● DATA PROVIDED
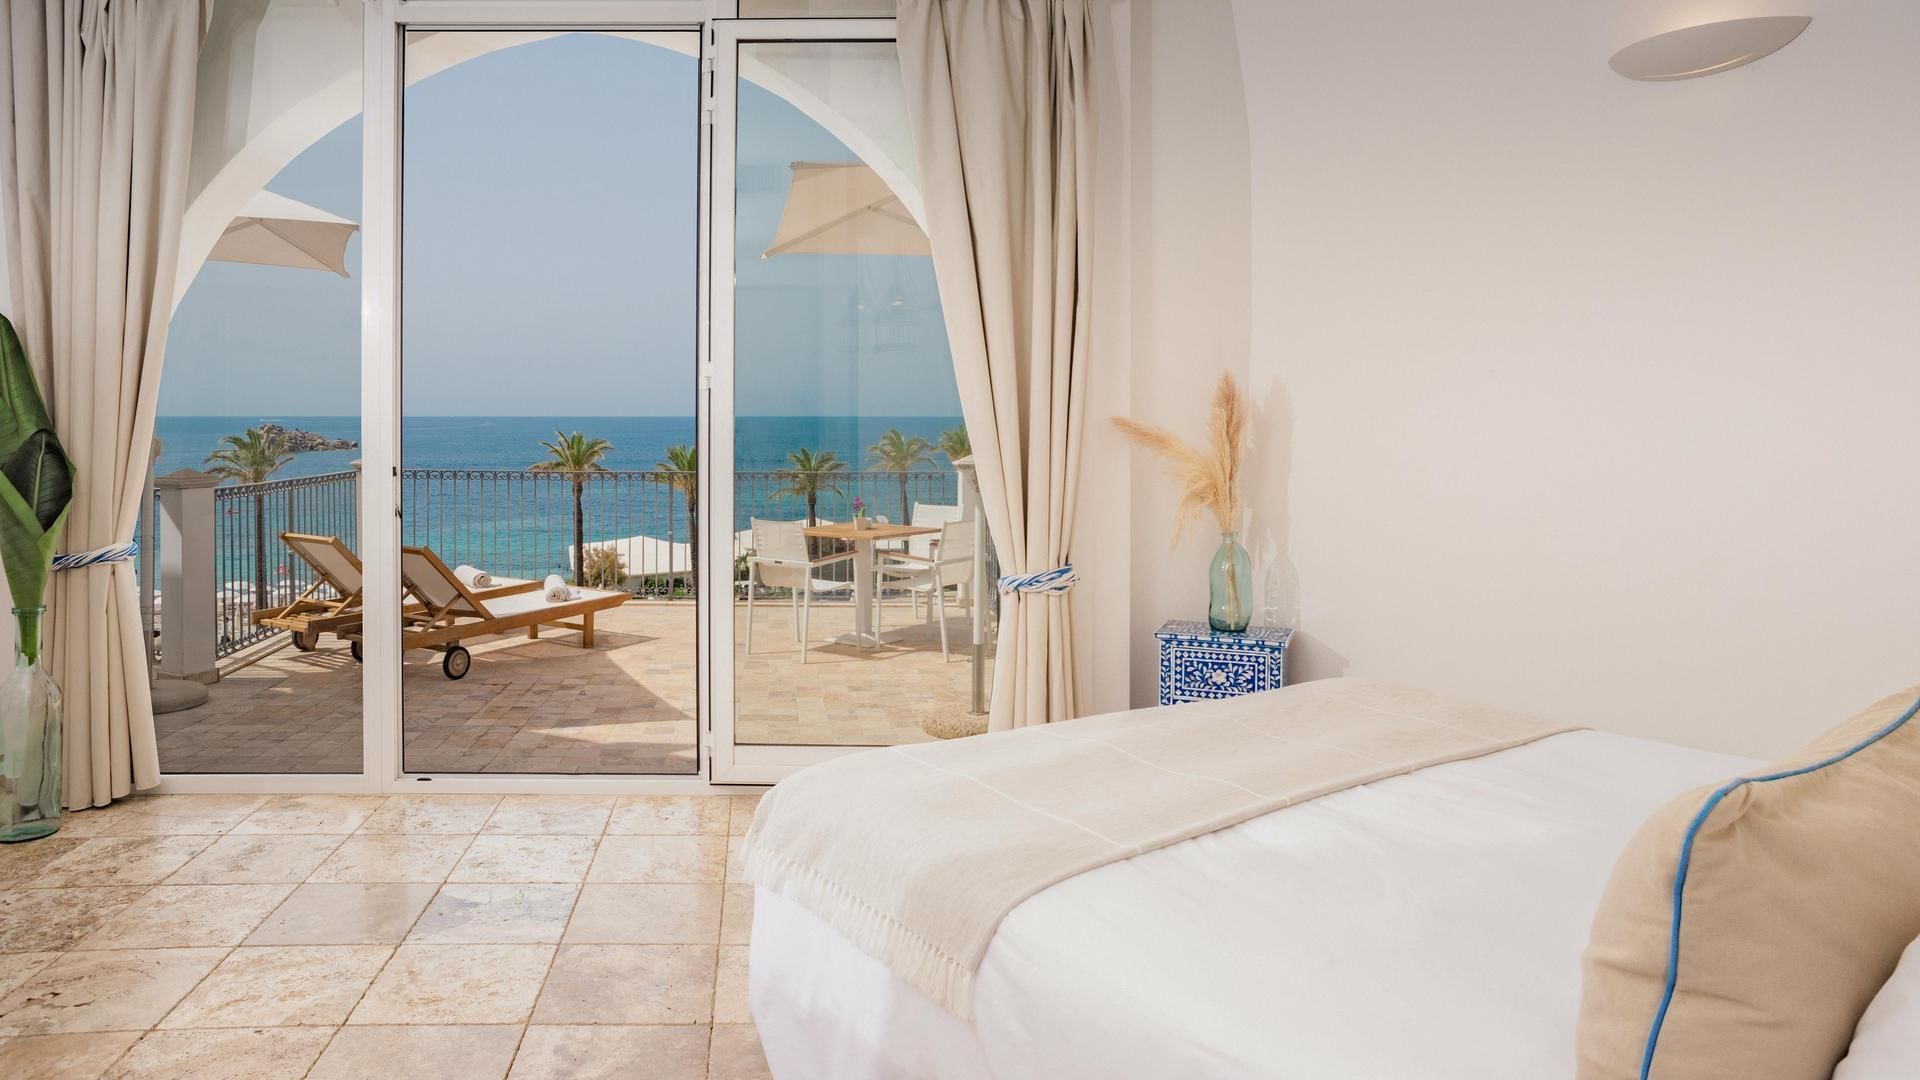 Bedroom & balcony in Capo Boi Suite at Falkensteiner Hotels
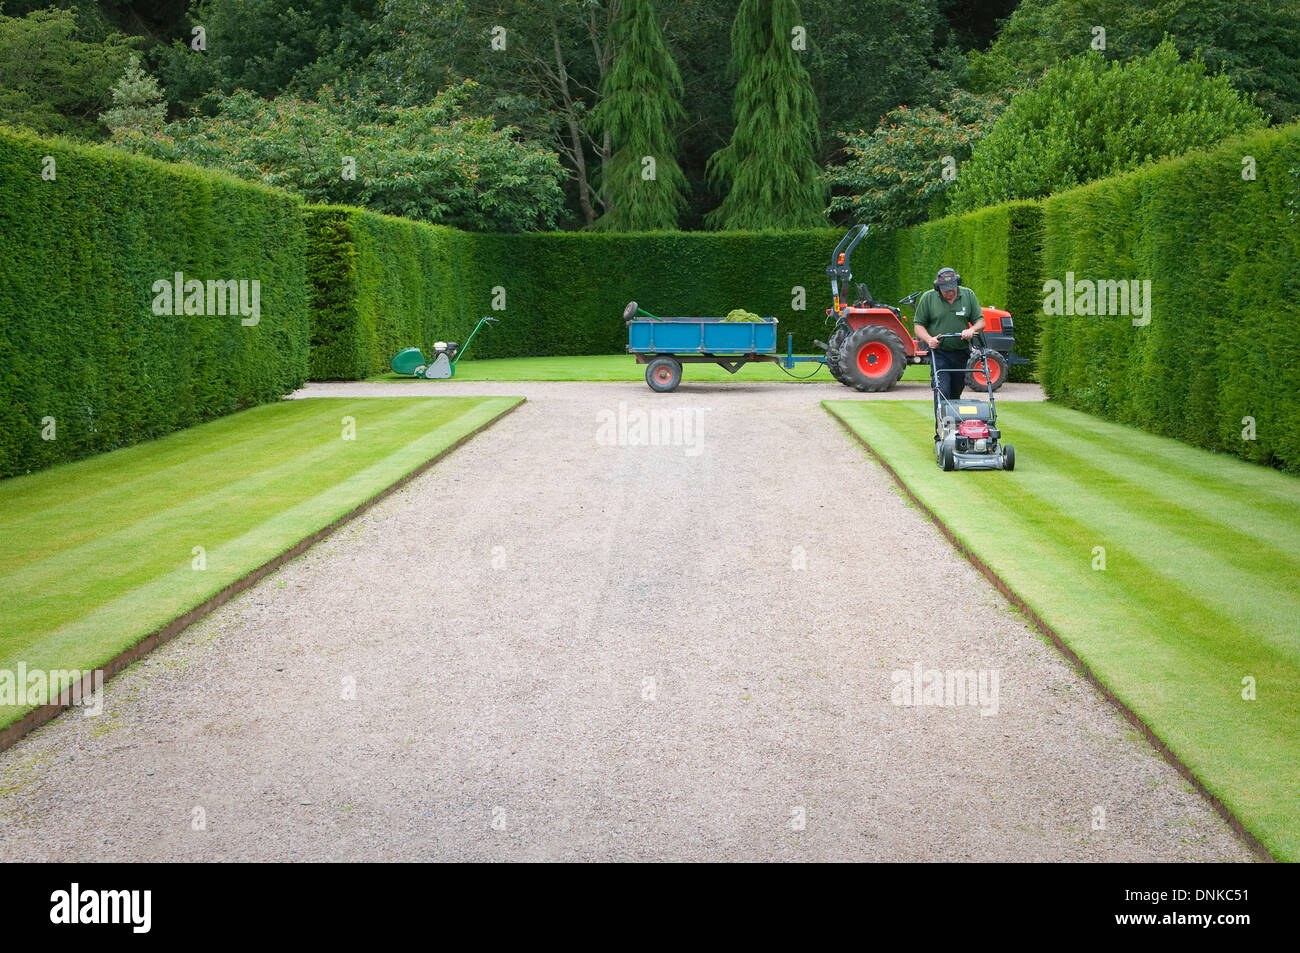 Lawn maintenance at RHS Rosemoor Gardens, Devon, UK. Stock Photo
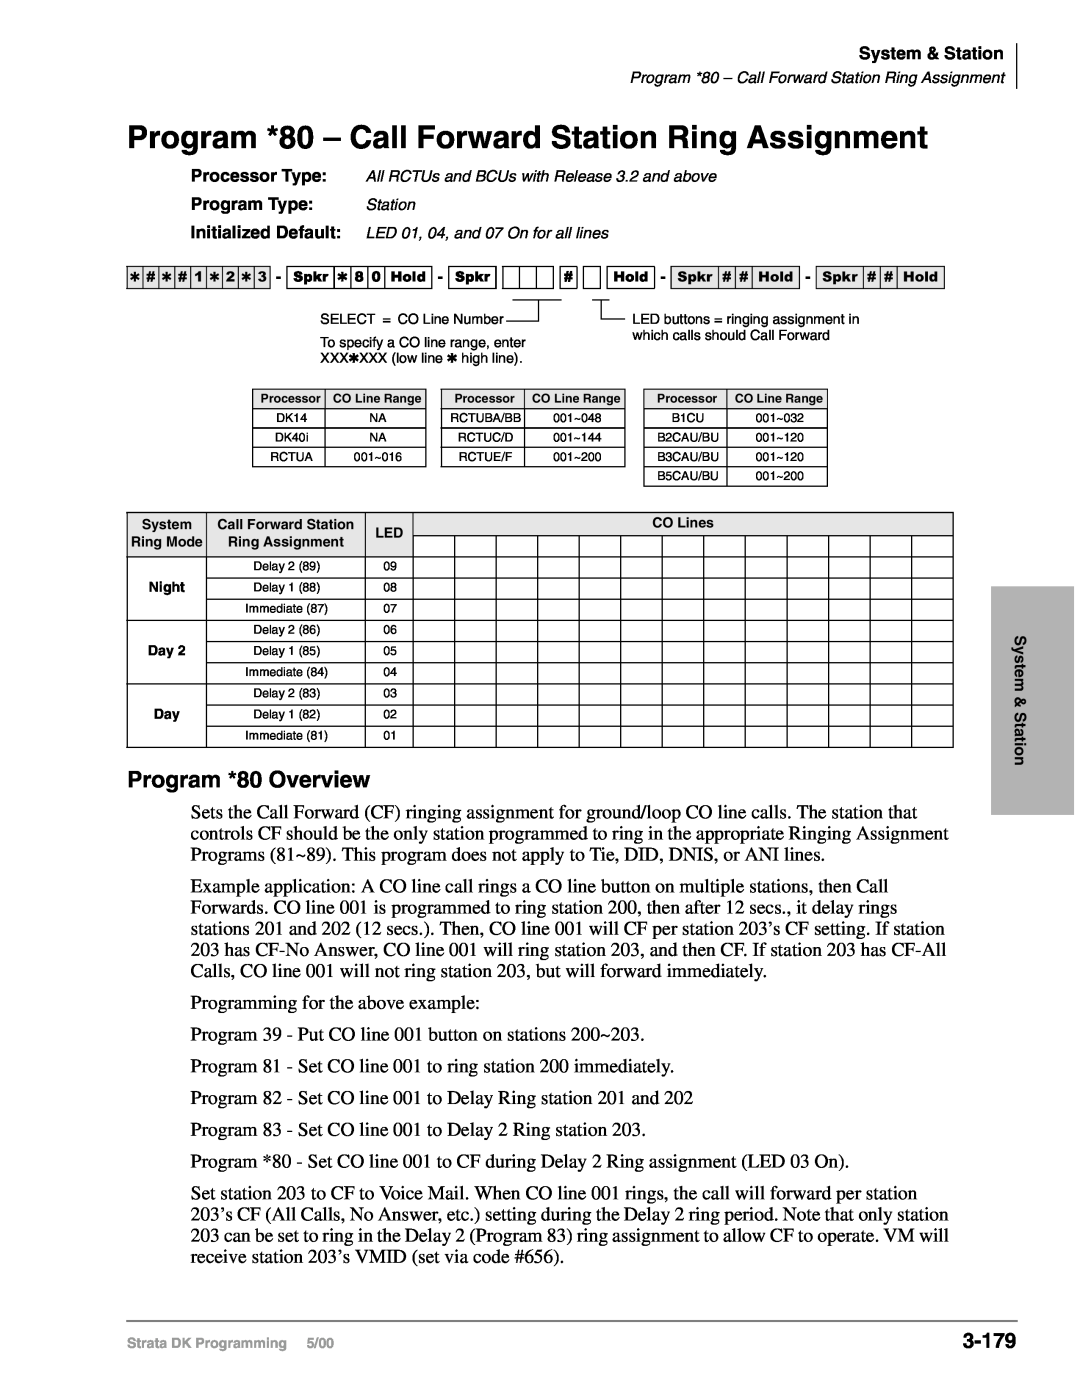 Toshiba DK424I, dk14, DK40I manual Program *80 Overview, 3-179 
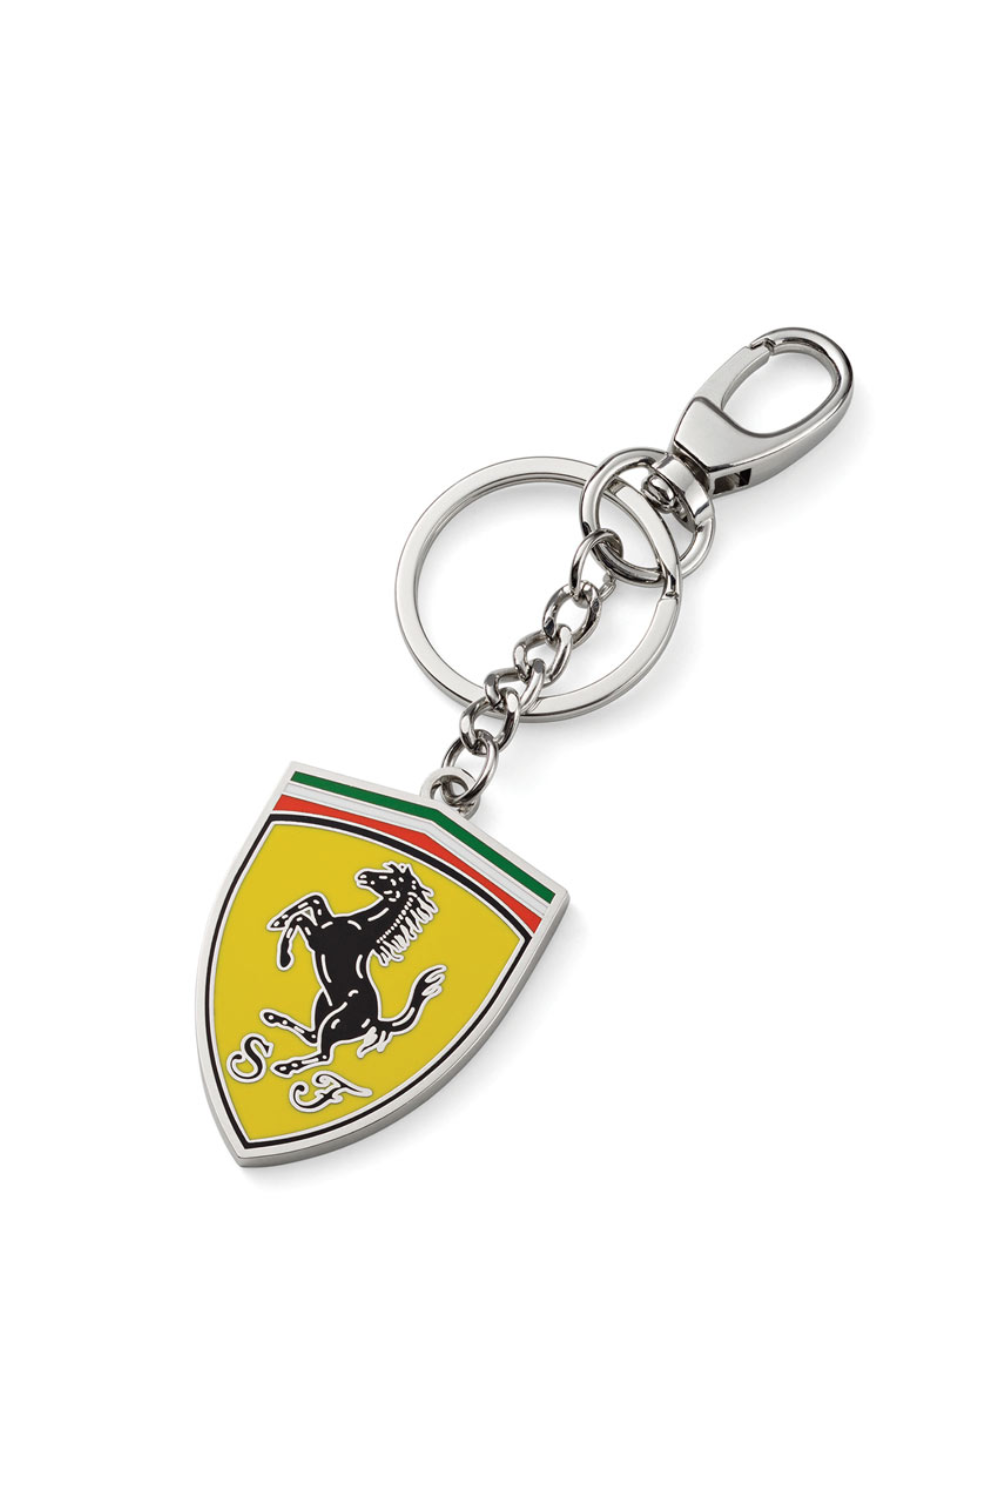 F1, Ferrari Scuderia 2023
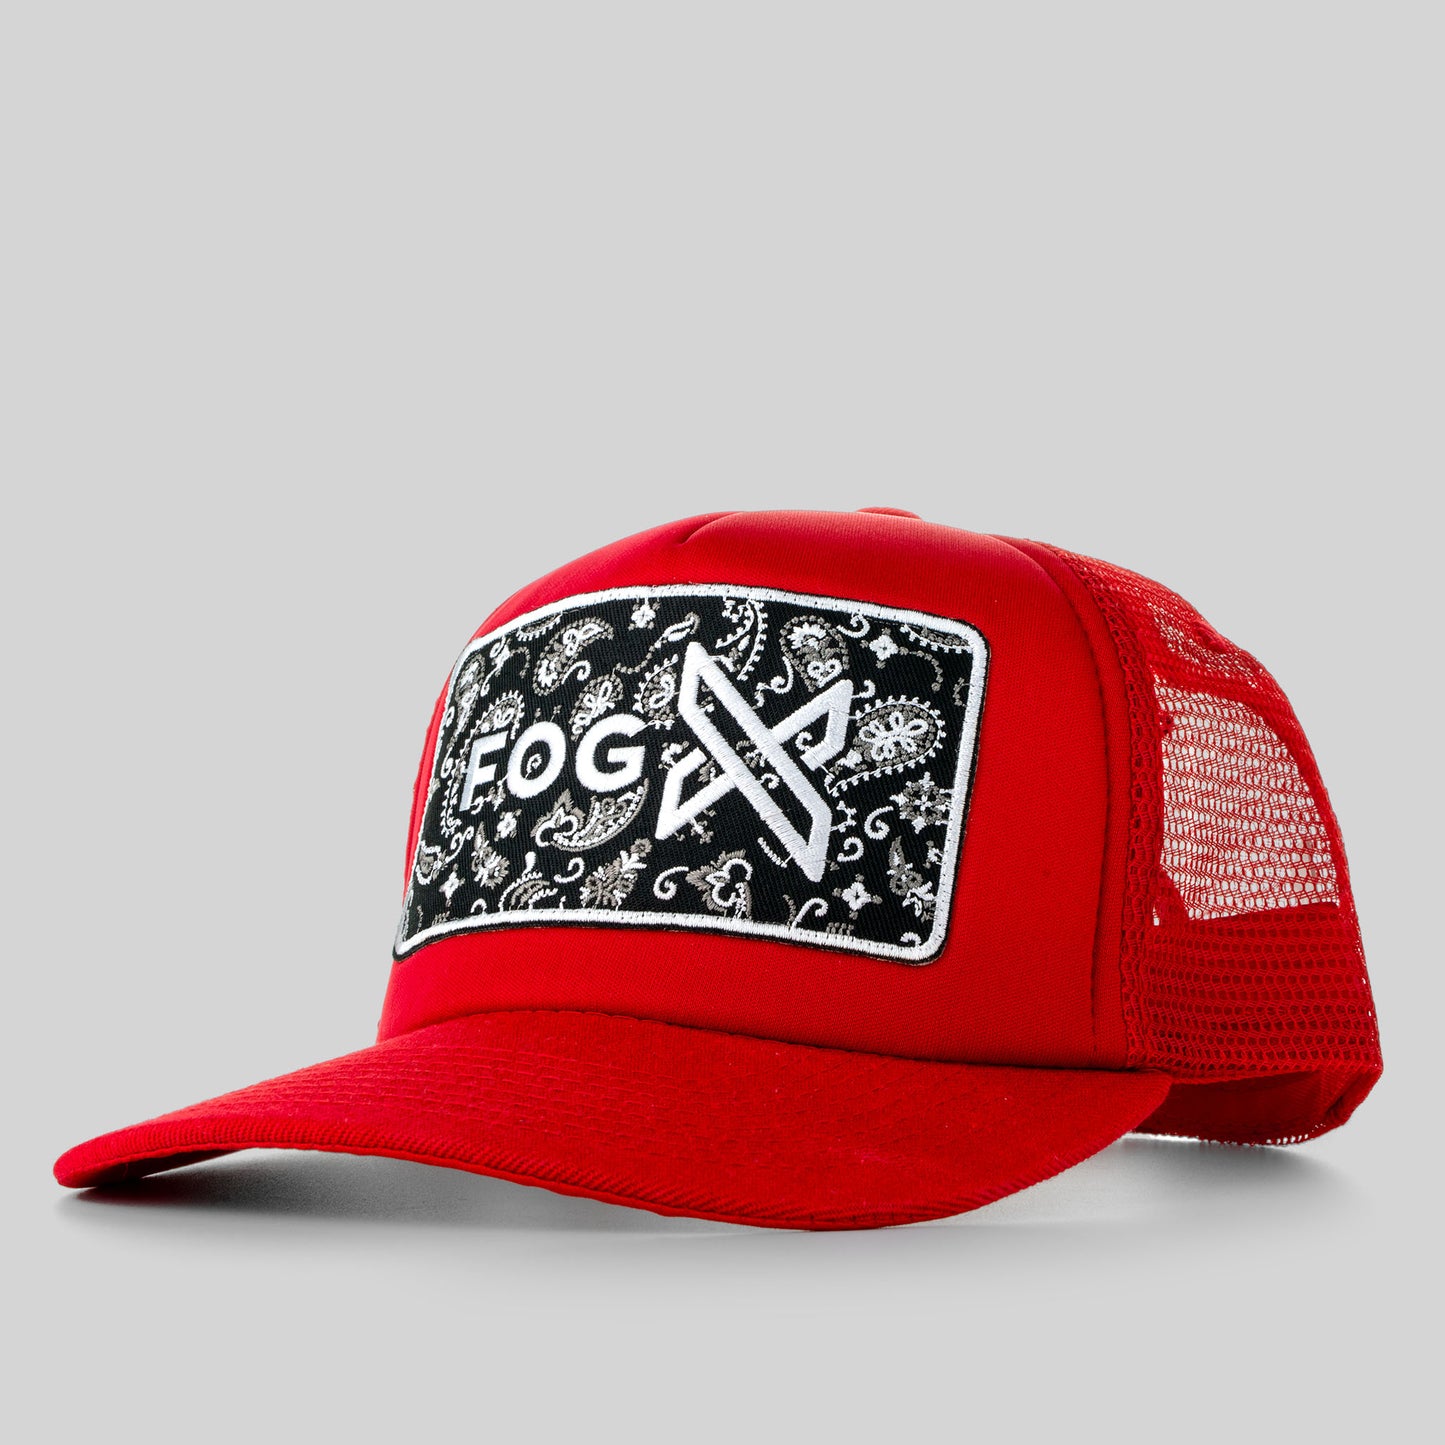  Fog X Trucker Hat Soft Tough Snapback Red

● ACTIVITY
Omitting the pictures, repeat all entries exactly.

● YOUR RESPONSE
 Bedroom & balcony in Capo Boi Suite at Falkensteiner Hotels
 Lawn maintenance at RHS Rosemoor Gardens, Devon, UK. Stock Photo
 Toshiba DK424I, dk14, DK40I manual Program *80 Overview, 3-179 
 F1, Ferrari Scuderia 2023
  Fog X Trucker Hat Soft Tough Snapback Red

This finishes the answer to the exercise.